State Sen. Douglas J.J. Peters was puzzled. He had recently spent $4,000 to replace a water pipe linking his Bowie home to the public water supply. That got him thinking: Why had he — and thousands of homeowners like him — already paid the Washington Suburban Sanitary Commission more than $15,000 for a pipe that cost him only $4,000 to replace?

Armed with complaints from confused constituents, Peters (D-Prince George’s) decided to seek answers. And on Wednesday, he won key support in Annapolis for a bill he hopes will help unravel a host of mysteries about how much suburban homeowners are charged for water and sewer connections and whether that matches what utilities and developers actually paid to install them.

“Some people refer to this as the ‘developers’ retirement account,’ ” said Mark Kestner, a Rockville lawyer who has studied Maryland’s collection system, which since 2000 has been largely managed by private companies set up by developers.

“They are often not listed on tax bills. They are not associated with a municipality or jurisdiction. A lot of people do not understand them, sellers do not know how to disclose them and a lot of people got caught unaware,” he said.

Although Peters’s bill specifically addresses those who collect the fees in Montgomery and Prince George’s — WSSC and private companies acting on behalf of developers — it could be a prototype for legislation that would affect other jurisdictions. In many places, including Anne Arundel and Baltimore counties, many communities have delegated the responsibility for building water and sewer systems to developers and have allowed them to collect fees from homeowners with little or no government oversight.

The fee that caught Peters’s eye is known as a front foot benefit charge. Every year, thousands of residents of the Washington suburbs collectively pay millions of dollars in such charges, in many cases for more than 20 years after the actual connection was made.

Peters hopes to determine the actual cost of the hookups and the total cost to residents, and he wants to figure out whether WSSC or the private firms are making a profit and not disclosing the markup. His bill establishes a task force to try to answer those questions. It also requires more-detailed disclosure of homeowner payments to WSSC on the Prince George’s property tax bills, which is currently done in Montgomery.

On Wednesday, the bill won approval from a Prince George’s delegation committee that oversees WSSC. To become law, the bill requires the approval of the Montgomery delegations and the full General Assembly.

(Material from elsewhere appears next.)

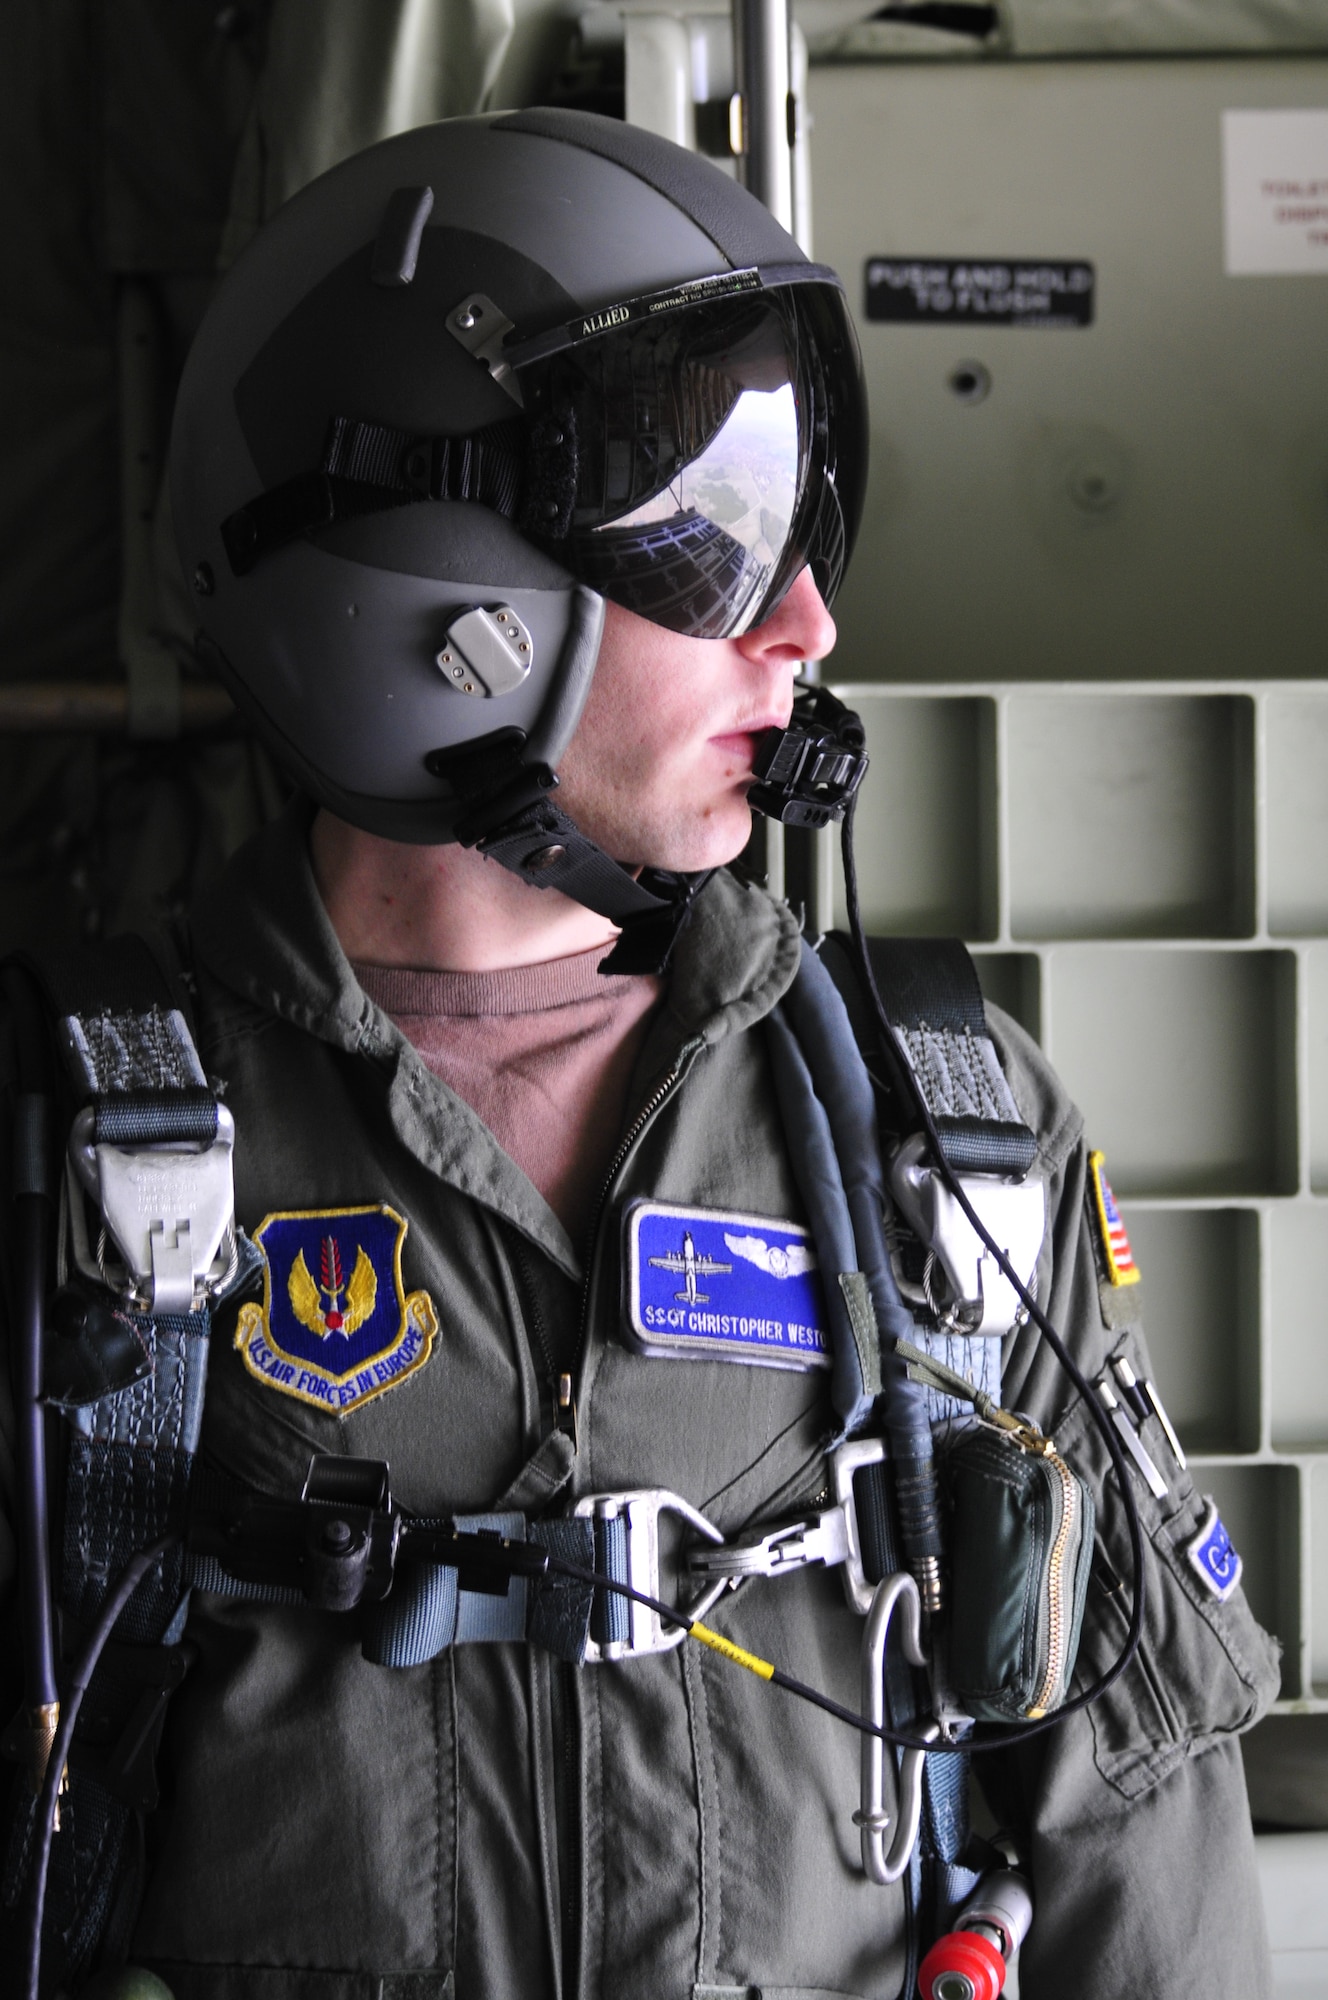 U.S. Air Force Staff Sgt. Christopher Weston, 37th Airlift Squadron loadmaster, takes in the terrain of Plovdiv, Bulgaria, as seen from the rear of a C-130J Super Hercules flying 11,000 feet above sea-level. Sergeant Weston is deployed to Bulgaria to support Thracian Fall 2010, a two week on-site training deployment designed to build partnership between the U.S. and Bulgarian Air Force. During Thracian Fall U.S. paratroopers were able to assist 1077 Bulgarian Airmen receive valuable jump training. (U.S. Air Force photo by Tech. Sgt. Michael Voss)

The private fees have sparked particular concerns, Kestner said.

He pointed to a case in which a client learned nearly two years after buying her home that she owed the fee to a private company. The $600 annual payment had not been disclosed by the seller at closing, which is voluntary.

The fee-collection systems, Kestner said, “probably deserve to be put on a microscope, and there needs to be disclosure at the county and state level and penalties for non-disclosure.”

WSSC officials said Wednesday that they supported the bill, as do Prince George’s County Executive Rushern L. Baker III (D) and the Prince George’s County Council.

Peters said the bill is an effort to “educate constituents and encourage greater transparency. It’s all about transparency now, particularly in government operations,” he said.

The task force also would examine whether there should be a cap on WSSC water and sewer rate increases, which have hovered near 8 percent annually for the past several years as the water authority has attempted to rebuild much of its aging system of pipes after several major water-main breaks.

Next month, the Montgomery County Council is planning to consider a related measure, introduced by council members Valerie Ervin (D-Silver Spring) and Marc Elrich (D-At Large), to forbid developers from double-billing the county and residents for infrastructure. A report last year by Montgomery’s inspector general found that the developers of a West Germantown subdivision collected more than $6 million in government funds and utility credits, including for WSSC pipes, on a project that cost them about $3 million.